Spassov, I., Bierlaire, M., and Merminod, B. (2006)

Map-matching for pedestrians via Bayesian inference

*European Navigation Conference, Manchester, United Kingdom*

A navigation process is to start from a known (initial) position and to ensure a continued localisation of the user during the movement. Consider a pedestrian navigation system which contains a GPS receiver and a set of inertial sensors connected with the map database. The problem to solve is to determine the user’s location using the map database and measurements of the inertial sensors. Indoors the position of each step is determined as a function of the previous position and inertial measurements. Thus the trajectory is defined in a local coordinate system and with an arbitrary orientation. A dedicated motion model transforms the trajectory from set of consecutive points to a polygon. Then we must associate similar details from both data sources, the modified trajectory and the link-node model. The trajectory can be considered as the history of the route and its last point as the actual position of the user.
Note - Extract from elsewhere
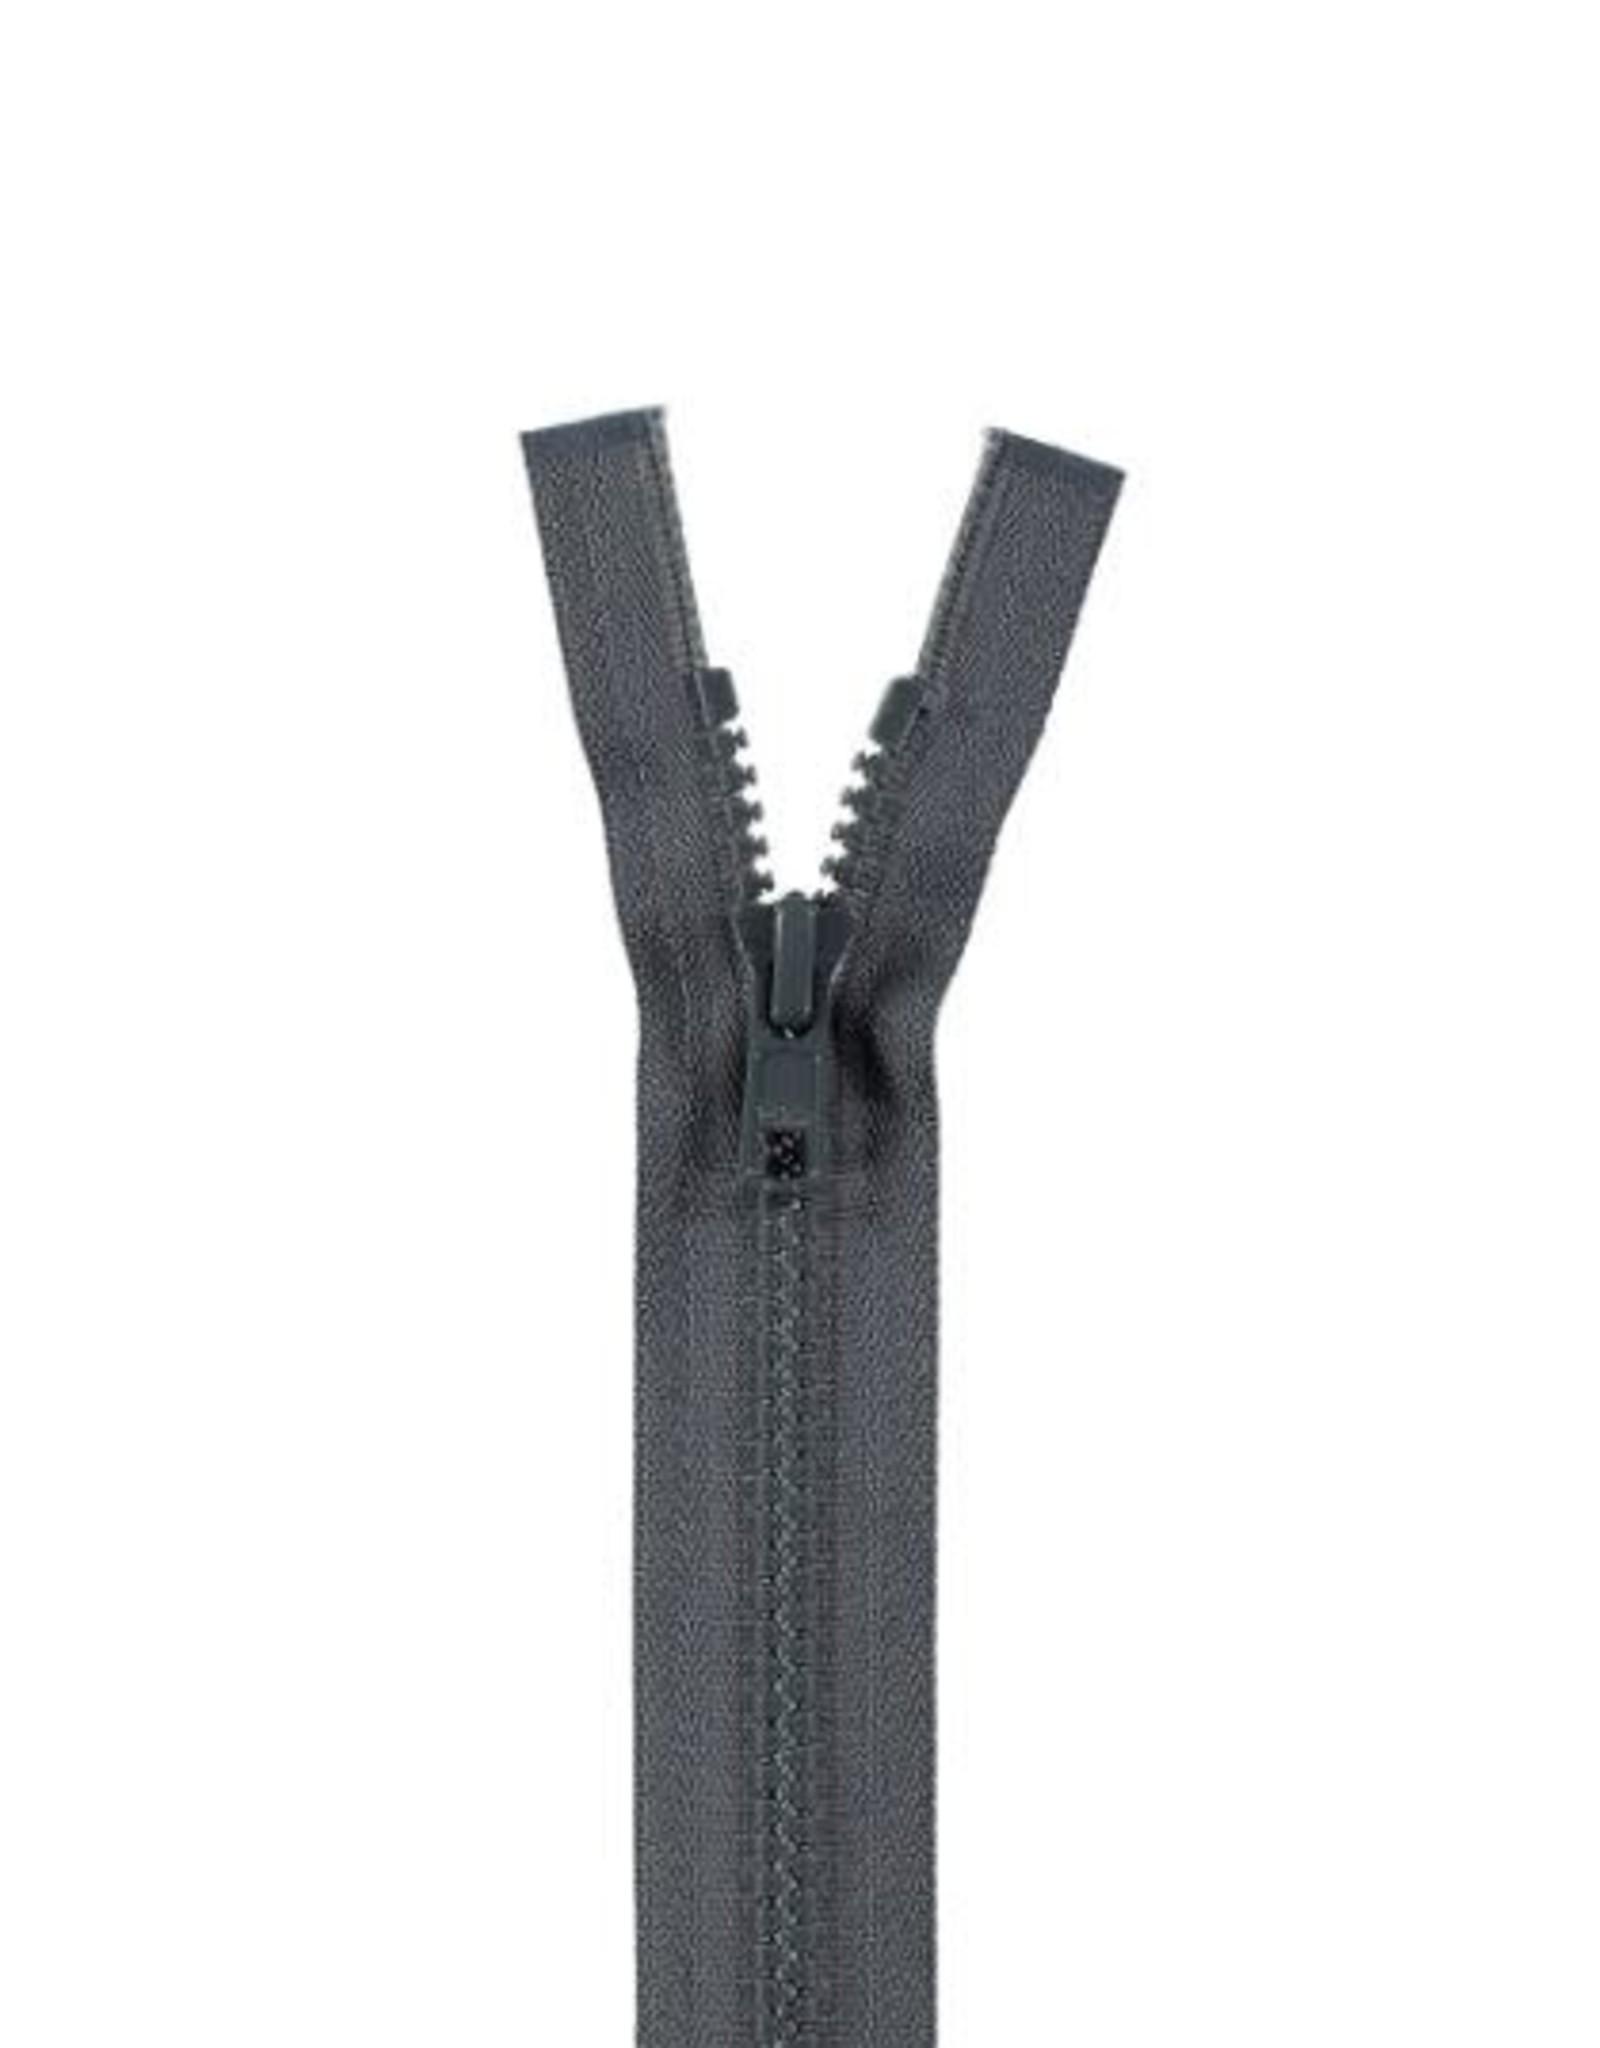 YKK BLOKRITS 5 DEELBAAR d. grijs 579-30cm

In this research we propose a solution based on statistical methods and map-matching. The determination of the absolute position is entirely represented by its probability density function (PDF) in the frame of Bayesian inference. Following this approach the posterior estimation of the user’s position can be calculated using prior information and actual measurements. Because of the non-linear nature of the estimation problem, non-linear filtering techniques like particle filters (sequential Monte Carlo methods) are applied.